When Postgres Pro Enterprise is started on all nodes, connect to any node and create the multimaster extension:

psql -h node1
CREATE EXTENSION multimaster;

The CREATE EXTENSION query is replicated to all the cluster nodes.

To ensure that multimaster is enabled, check the mtm.get_cluster_state() view:

mtm.get_cluster_state();

If liveNodes is equal to allNodes, your cluster is successfully configured and ready to use.

See Also

Tuning Configuration Parameters

F.30.3.2. Tuning Configuration Parameters

While you can use multimaster in the default configuration, you may want to tune several parameters for faster failure detection or more reliable automatic recovery.

F.30.3.2.1. Setting Timeout for Failure Detection

To check availability of the neighbor nodes, multimaster periodically sends heartbeat packets to all nodes. You can define the timeout for failure detection with the following variables:

The multimaster.heartbeat_send_timeout variable defines the time interval between the heartbeats. By default, this variable is set to 1000ms.
The multimaster.heartbeat_recv_timeout variable sets the timeout for the response. If no heartbeats are received during this time, the node is assumed to be disconnected and is excluded from the cluster. By default, this variable is set to 10000ms.

It's a good idea to set multimaster.heartbeat_send_timeout based on typical ping latencies between the nodes. Small recv/send ratio decreases the time of failure detection, but increases the probability of false-positive failure detection. When setting this parameter, take into account the typical packet loss ratio between your cluster nodes.

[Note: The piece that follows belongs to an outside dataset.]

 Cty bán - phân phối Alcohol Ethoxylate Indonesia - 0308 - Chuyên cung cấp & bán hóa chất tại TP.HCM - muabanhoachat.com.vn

F.30.3.2.2. Configuring Automatic Recovery Parameters

If a cluster node fails, multimaster can automatically restore it based on the WAL collected on other cluster nodes. To control the recovery settings, use the following variables:

multimaster.min_recovery_lag — sets the minimal WAL lag between the node to be restored and the current cluster state. By default, multimaster.min_recovery_lag is set to 100KB. When the disconnected node is fast-forwarded up to the multimaster.min_recovery_lag threshold, multimaster stops all new commits to the alive nodes until the node fully catches up with the current state of the cluster. When the data is fully synchronized, the disconnected node is promoted to the online state, and the cluster resumes its work.
multimaster.max_recovery_lag — sets the maximum size of WAL. Upon reaching the multimaster.max_recovery_lag threshold, WAL for the disconnected node is overwritten. At this point, automatic recovery is no longer possible. In this case, you can restore the node manually by cloning the data from one of the alive nodes using pg_basebackup.

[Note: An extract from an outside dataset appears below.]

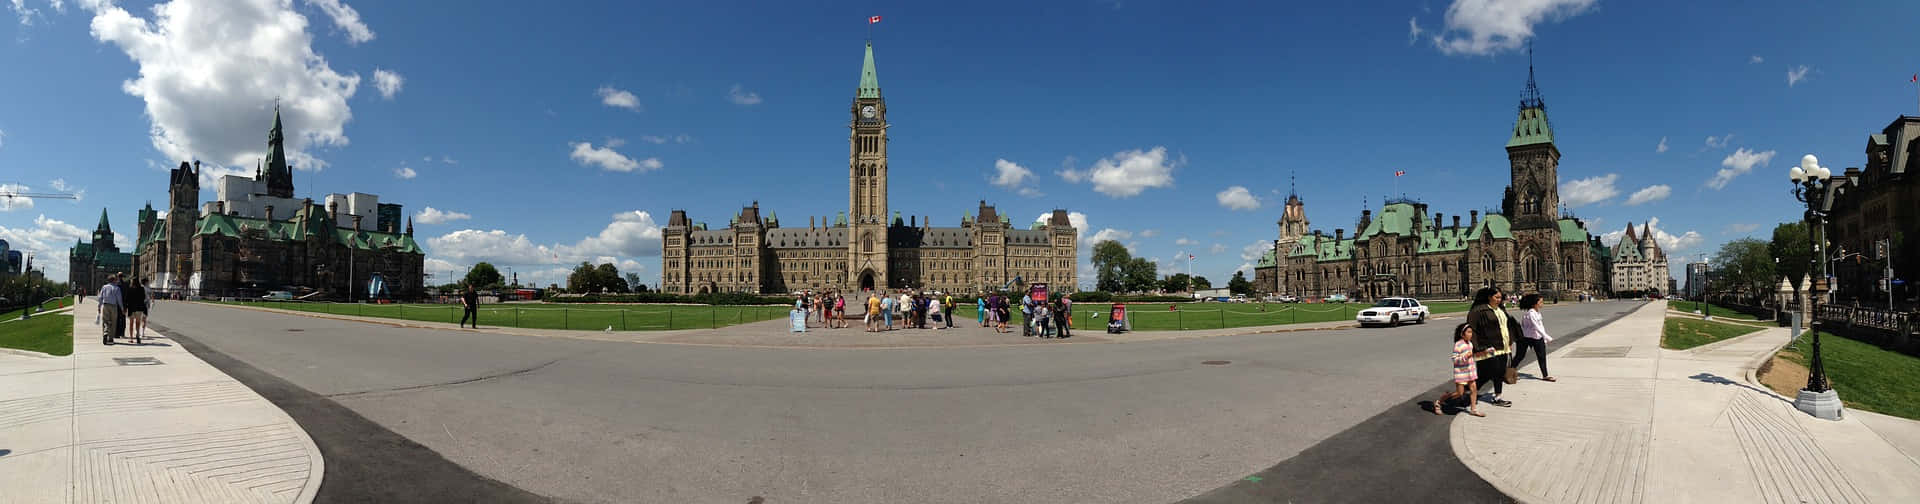 Parliamenthill Kanada Panoramabild

By default, multimaster.max_recovery_lag is set to 100MB. Setting multimaster.max_recovery_lag to a larger value increases the timeframe for automatic recovery, but requires more disk space for WAL collection.

See Also

GUC Variables

F.30.4. Multi-Master Cluster Administration

F.30.4.1. Monitoring Cluster Status

multimaster provides several views to check the current cluster state.

To check node-specific information, use mtm.get_nodes_state():

mtm.get_nodes_state();

To check the status of the whole cluster, use the mtm.get_cluster_state() view:

mtm.get_cluster_state();

For details on all the returned information, see Section F.30.5.2.

F.30.4.2. Adding New Nodes to the Cluster

With the multimaster extension, you can add or drop cluster nodes without stopping the database service.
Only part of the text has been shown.